The category, which at Roots spans leggings, tracksuits, sports bras and bike shorts, has seen such sustained double-digit growth that Meghan Roach plans to make it a key part of the business’ future.

“It’s an area … you will see us continue to expand upon,” she told analysts on a Friday call.

The Toronto-based retailer’s push into activewear has taken shape over many years and included several turns as the official designer and supplier of Team Canada’s Olympic uniform.

But consumers have had plenty of choice when it comes to workout gear and other apparel suited to their sporting needs.
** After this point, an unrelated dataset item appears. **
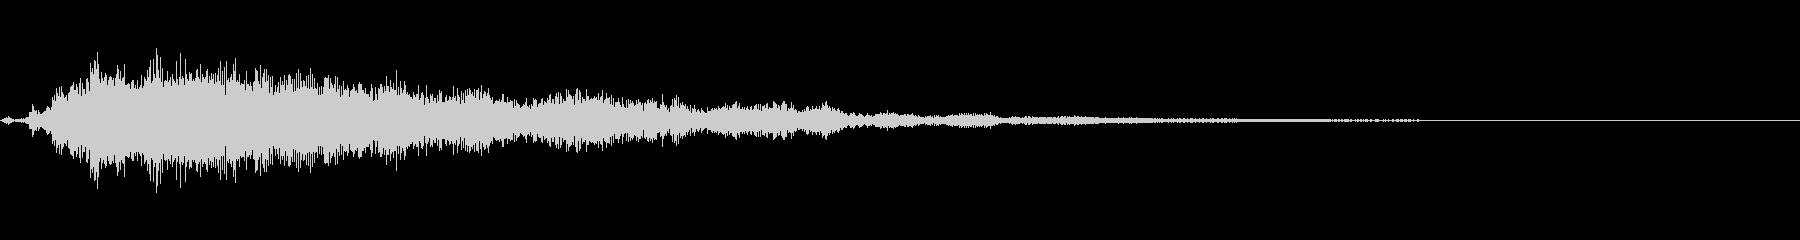 ワウギターによるジングルorサウンドロゴの未再生の波形

On top of the slew of athletic brands like Nike and Adidas, shoppers have also gravitated toward Lululemon Athletica Inc., Alo and Vuori, ramping up competition in the activewear category.
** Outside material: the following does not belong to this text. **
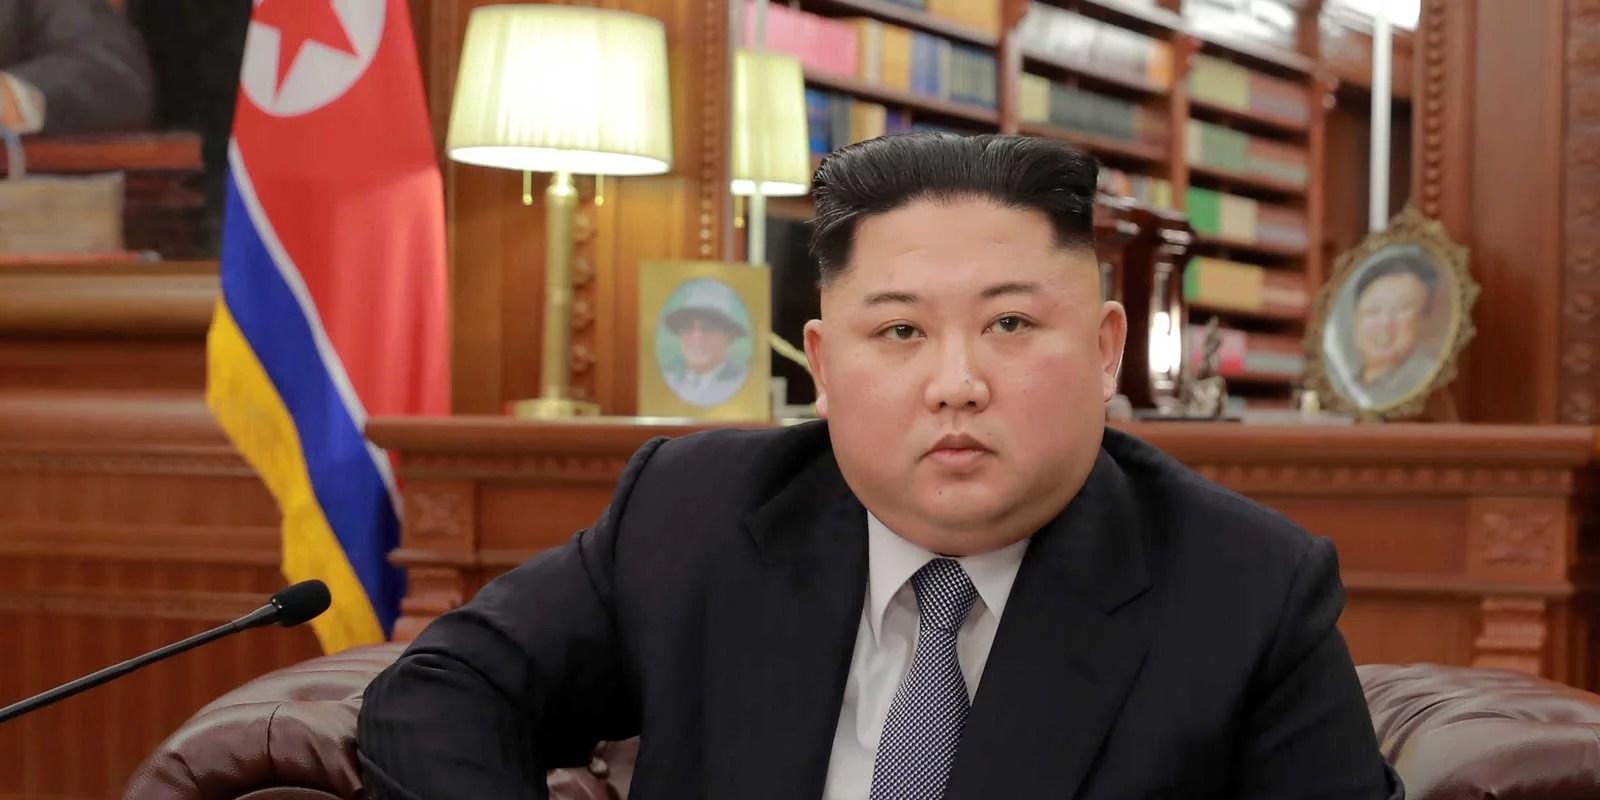 Corea del Norte hackers de criptomonedas

Roach feels Roots’ toehold in the category stems from the fit, feel and following its merchandise has cultivated.

“Our product really resonates with (shoppers) because you can wear it through multiple different use cases and occasions,” she said.

“We’ve been seeing customers come back again and again for some of these core products in our activewear collection.”

Her remarks came the same day as Roots revealed it lost $5.2 million in its latest quarter compared with a loss of $5.3 million in the same quarter last year.

The company said the second-quarter loss amounted to 13 cents per diluted share for the quarter ended Aug. 3, the same as a year earlier.

In presenting the results, Roach reminded analysts that the first half of the year is usually “seasonally small,” representing just 30 per cent of the company’s annual sales.

Sales for the second quarter totalled $47.7 million, down from $49.4 million in the same quarter last year.

The move lower came as direct-to-consumer sales amounted to $36.4 million, down from $37.1 million a year earlier, as comparable sales edged down 0.2 per cent.

The numbers reflect the fact that Roots continued to grapple with inventory challenges in the company’s Cooper fleece line that first cropped up in its previous quarter.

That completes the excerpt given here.